Değişmeyen tek şeyin, şehir sakinlerinin alışveriş işleri için hemcinsleriyle mücadele etmekten korktuğu tatil stresinin New York'a özgü versiyonu olduğunu hissediyorum.
Geçen gün annem henüz tam olarak paniklememiş bir halde aradı. "Noel yemeğinde 15 kişi olacağız ve benim şarap getirmem gerekiyor," diye iç geçirdi. "Ne alacağımı bilmiyorum. Sen ne düşünüyorsun? Kuzu kızartması yiyeceğiz. "
Annem şarap ve yemek meraklısı değildir. Bir zamanlar - nasıl kullanılacağını bilmediği yeni ve güzel bir fırın almadan çok önce - gurme bir aşçıydı. Bir dünya gezgini olarak 1970'lerde Bordeaux crus classés, Champagnes ve beyaz Burgundies servis ediyordu, daha sonra Rhône şarapları ve Brunello'lara geçti. Yine de şimdi - COVID sonrası ve seksenli yaşlarında - şarabın sosyal yönleri onun için tedirgin edici hale geldi.
Ben de, neredeyse tüm orta gövdeli ve oldukça dolgun kırmızıların kuzu rostoyla iyi gittiğini söyledim.
" Oh, lütfen," dedi, içine biraz bıkkınlık çökmüştü. "Ne gibi? İyi şarap nedir? "
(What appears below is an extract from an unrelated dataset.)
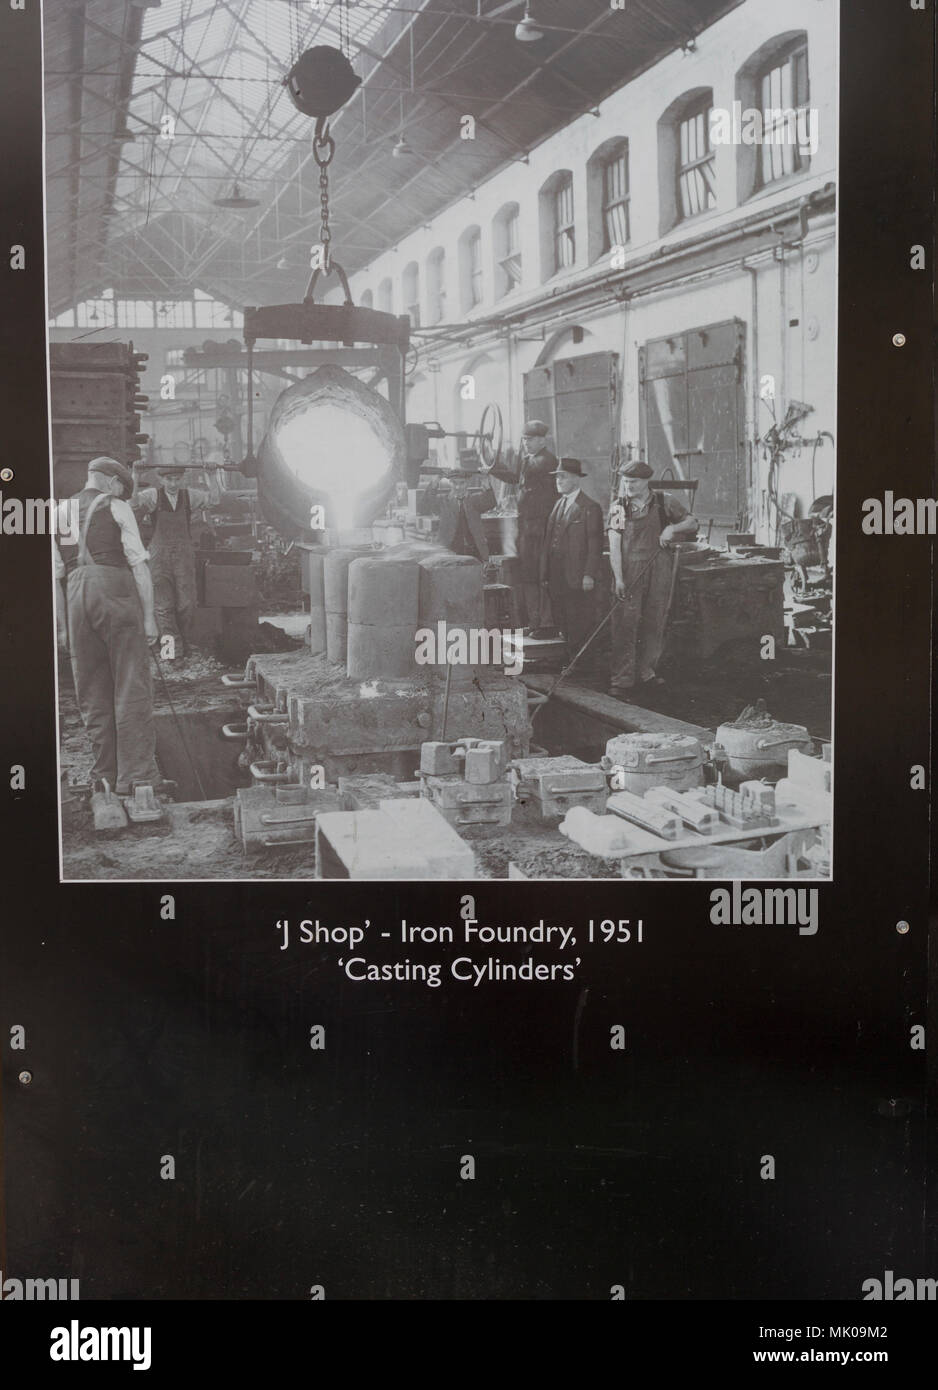 Public display del vecchio e storico immagini sulle opere di GWR, Swindon, Wiltshire, Inghilterra, Regno Unito - J shop fonderia di ferro 1951 cilindri di colata Foto Stock
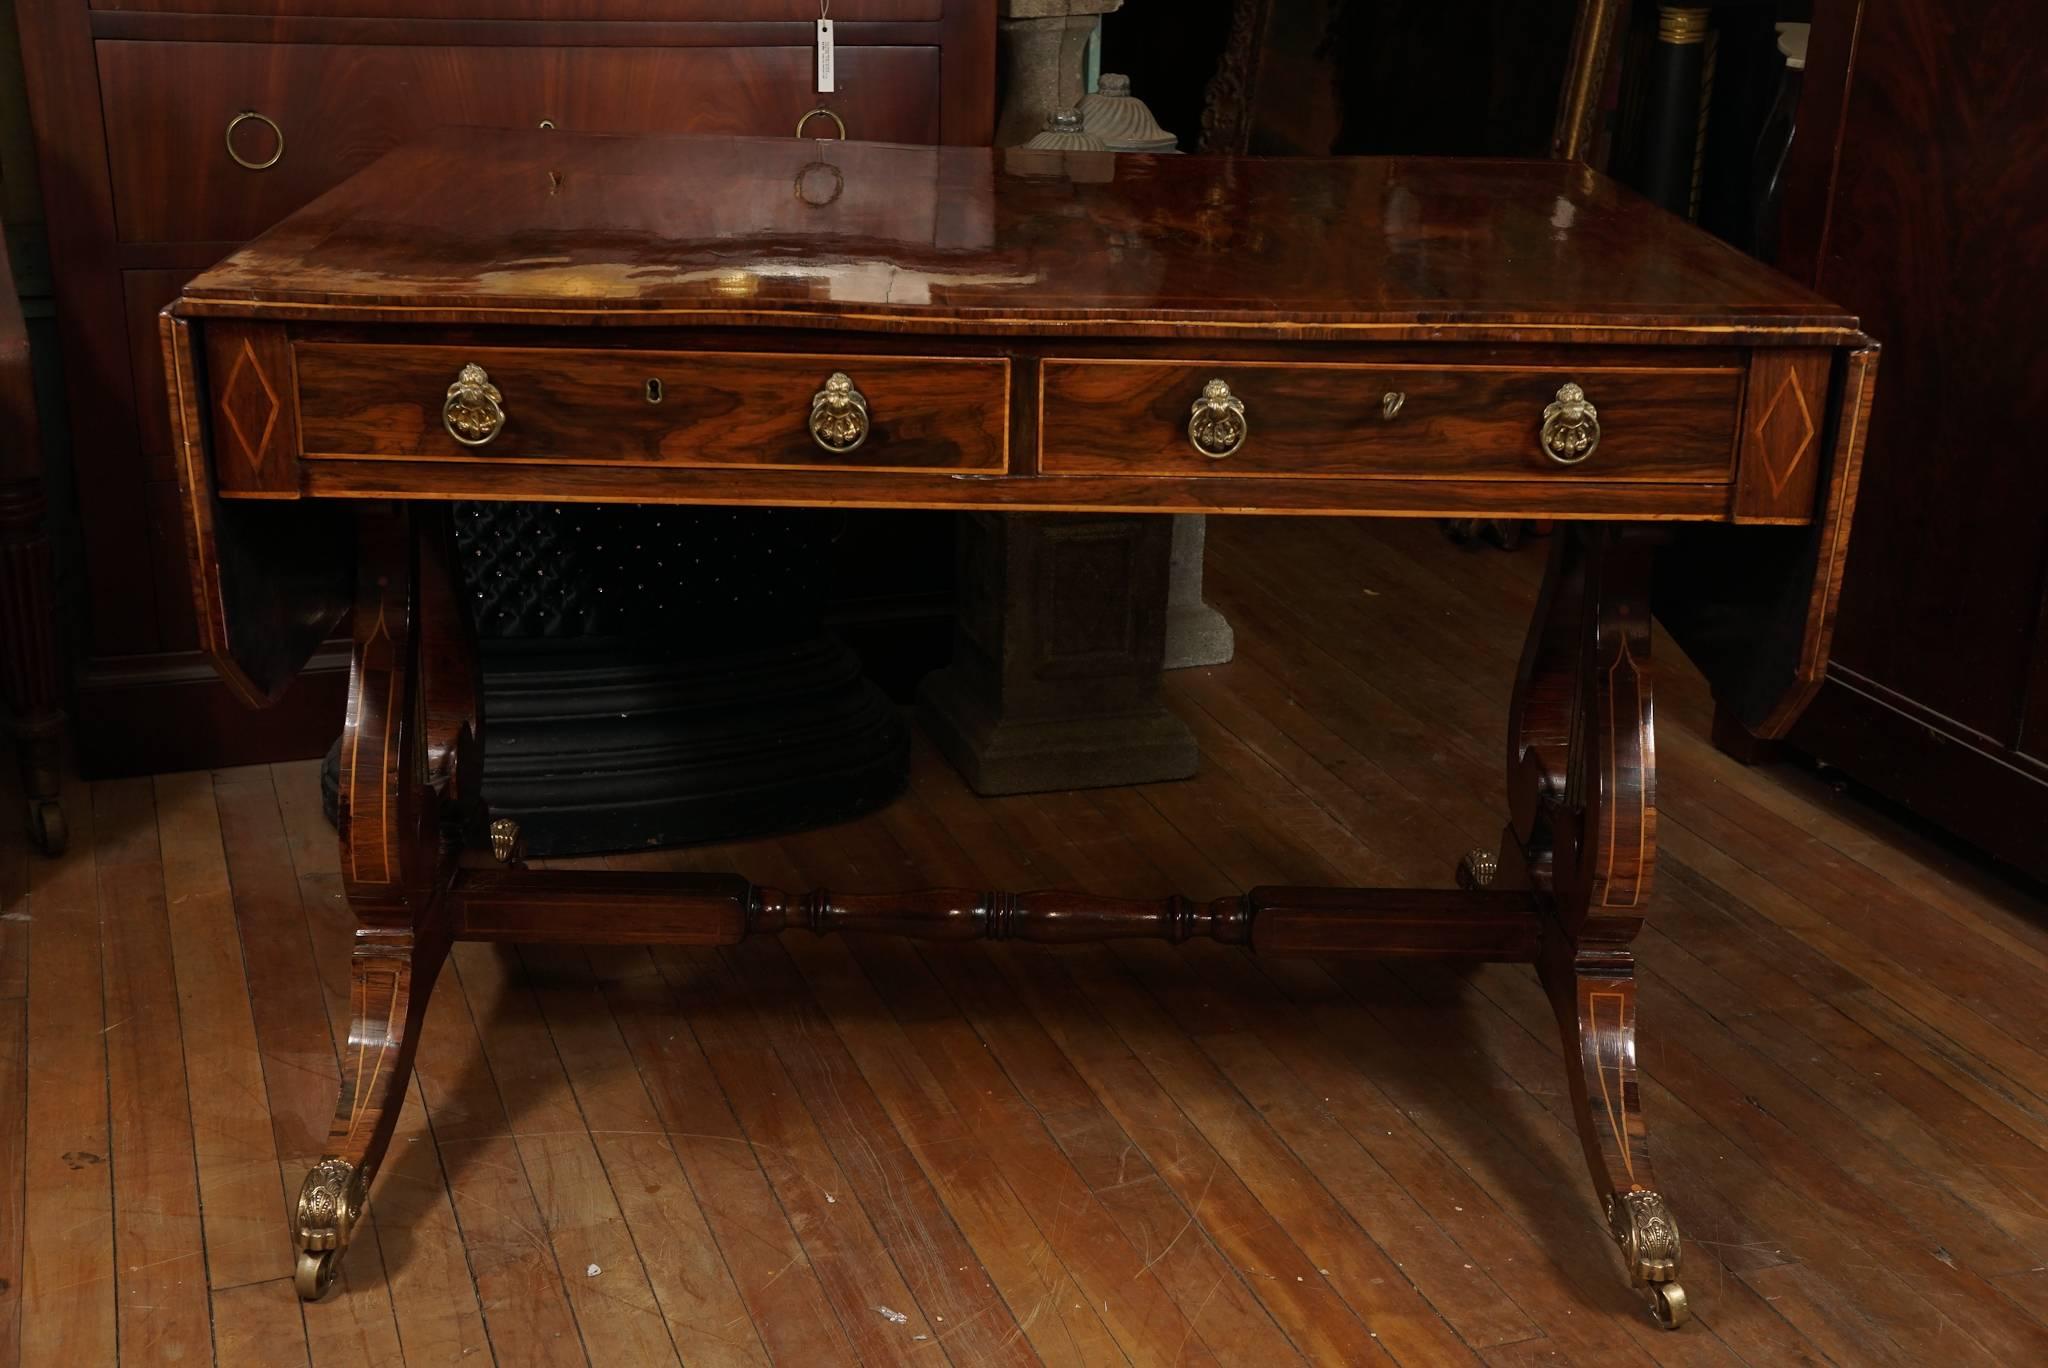 Dieser Sofatisch aus dieser Zeit ist ein schönes Beispiel für ein Möbelstück im klassischen Stil. Der Tisch wurde um 1815 gebaut und weist eine schöne Holzmaserung auf, die die sorgfältige handwerkliche Verarbeitung durch den Hersteller zeigt.

" Güzel bir Bordeaux şarabına ne dersiniz? " Klasiklik duygusu ve onun nelerden hoşlandığını bildiğim için teklif ettim. Pomerol gibi, yüzde 13,5 alkol oranına sahip ve birkaç yıllık bir Sağ Yaka şarabı düşünüyordum. Sevilmeyecek ne var ki?
" Bordeaux. Nasıl heceleniyor? " diye sordu.
" Anne, Bor-deaux! Biliyorsun..." diye hatırlattım ona. Eminim şarap dolabı onlarla doludur.
" Tamam, başka? İtalyan bir şeye ne dersiniz? " diye sordu. " Herkesin seveceği iyi bir şey. "
Ah, evet, tatiller - herkesi memnun etme zamanı. Angelo Gaja'nın Barbaresco şarabından bir kasa almakla ilgili şaka yaptım.
" Kim? Bunu nasıl heceliyorsun? " dedi annem.
Sonra yıllardır servis ettiği şaraplardan bazılarını önerdim: Brunello ve Chianti Classicos.
" Châteauneuf-du-Pape'e ne dersiniz? " diye sordu.
" Evet, tabii ki! " diye heyecanlandım. "Peki ya ..." şarap sorularına verdiğim standart yanıt aşağı yukarı budur.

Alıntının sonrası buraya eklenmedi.